Über dieses Gefecht finden sich in der einschlägigen militärischen Fachliteratur folgende Informationen:[3]
„Das Pionier-Bataillon 91 bestand aus dem Stab mit Nachrichtenzug (4:8:54), der 1. Kompanie (1:14:116), der 2. Kompanie (3:9:103) und der 3. Kompanie (2:10:90), insgesamt aus 10 Offizieren, 41 Unteroffizieren und 362 Mannschaften. Die Männer besaßen weder Tarnbekleidung noch Schi und waren nur mit leichten Infanteriewaffen ausgerüstet. Das Bataillon war am 29. April um 9 Uhr vormittags alarmiert worden ... und bis 20 Uhr geschlossen in der Seenenge...“
„Es erhielt den Auftrag die Landbrücke zwischen Ruf- und Kosubeck-See vom Feind zu säubern und gegen alle Angriffe der Russen zu halten...Als nun um 22 Uhr die 1. Kompanie Pi91 diese Höhe sehr schwungvoll stürmte, überschütteten sie die Marineinfanteristen von einer etwas 800 m östlich steil aufragenden Höhe mit einem Geschoßhagel aus schweren Maschinengewehren und verheerendem Granatwerferfeuer. Zwölf Tote und vierunddreißig Verwundete büßte bis 4 Uhr früh die Kompanie ein..“
Das Buch[3] enthält auch einen Auszug aus dem Gefechtsbericht des Pionier-Bataillons:
„1.5.42, 0.30 Uhr. Die Kampfgruppe tritt zum Angriff über die Höhe südlich Kosubeck-See an, erhält aber beim Überschreiten der Höhe sehr starkes Feuer aus Richtung Höhe 200. Der Führer der Kampfgruppe entschließt sich, Höhe 200 anzugreifen.
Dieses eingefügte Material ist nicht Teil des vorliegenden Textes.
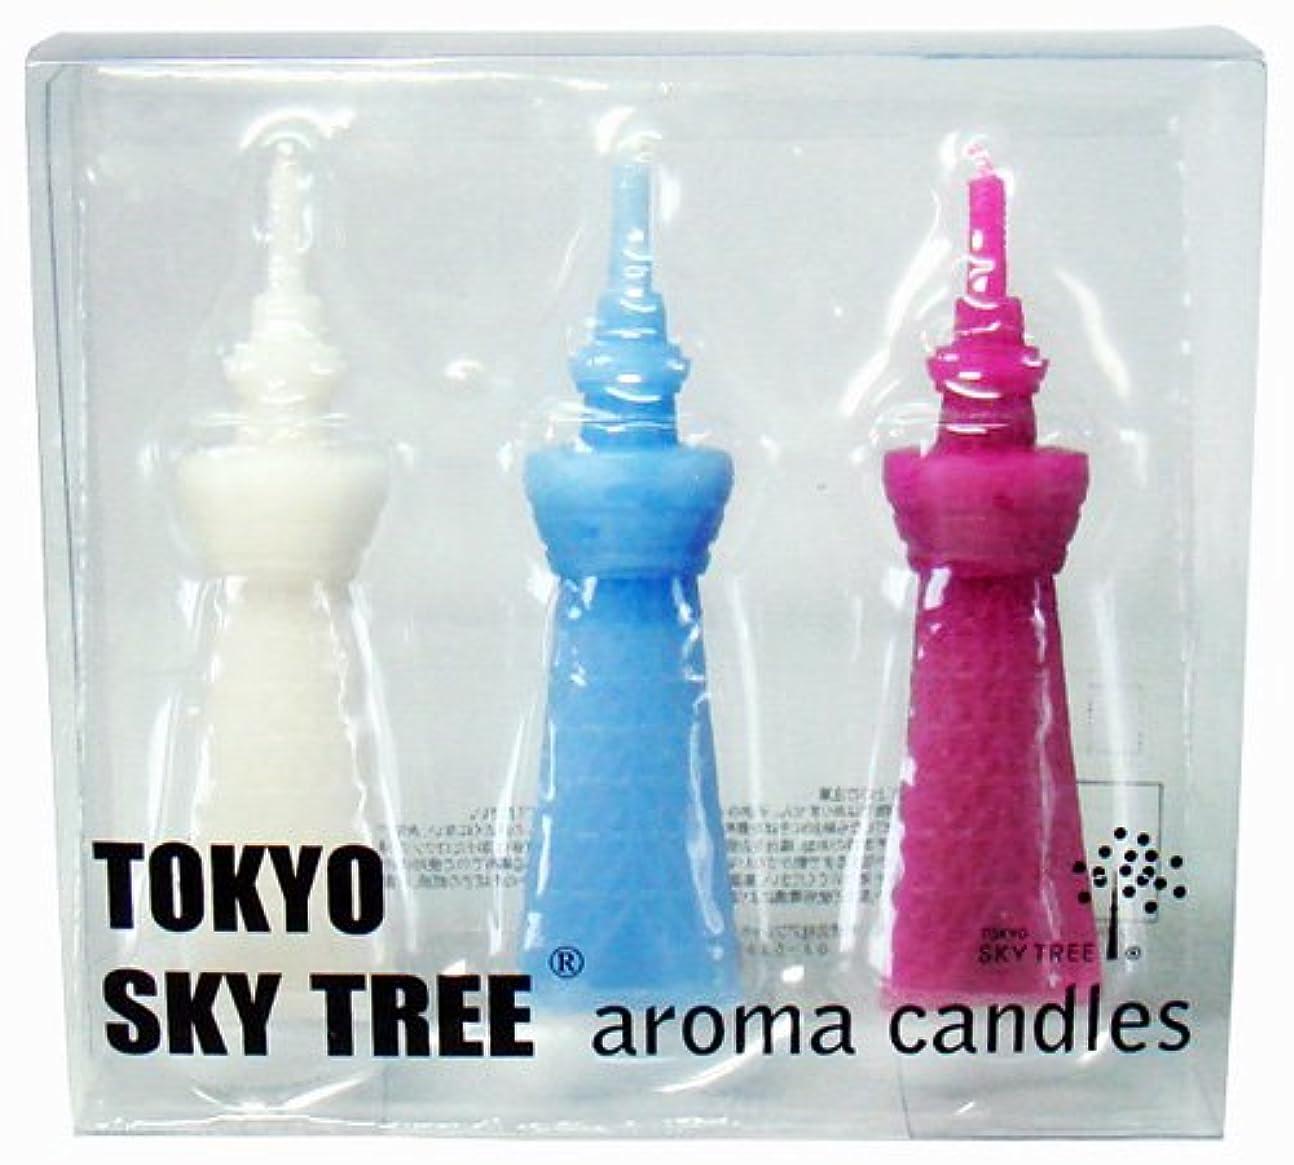 黙細い反対に東京スカイツリー(R) アロマキャンドル3本セット

Der Angriff gewinnt in starkem sMG- und Granatwerferfeuer nur langsam an Boden und bleibt schließlich liegen...“
Ein Augenzeuge wird in dem Buch[3] folgendermaßen zitiert:
„Der Befehl, über diese Landenge frontal anzugreifen, war meines Erachtens von vornherein zum Scheitern verurteilt, weil nach Überwinden des Inselberges die Truppe Hunderte von Metern über eine ungedeckte Fläche vorgehen mußte. Die Russen saßen auf der Höhe und brachten jeden einzelnen Mann ins Visier, ohne selbst gefährdet zu sein. Sie hätten durch Artillerie- und Granatwerferfeuerschläge niedergehalten werden müssen, aber es stand uns nichts davon zur Verfügung. Wir waren armselige Infanteristen und wurden wie die Hasen abgeschossen. Die Strecke von Osthang des Inselberges bis zur deckenden Westflanke dieser Höhe 200 war übersät von Verwundeten und Toten..'“
Johann Piff ruht heute auf dem Soldatenfriedhof von Parkkina/Petschenga, der seit einigen Jahren vom Volksbund Deutsche Kriegsgräberfürsorge hergerichtet wird.[8] Seine genaue Grablage ist nicht bekannt.[1]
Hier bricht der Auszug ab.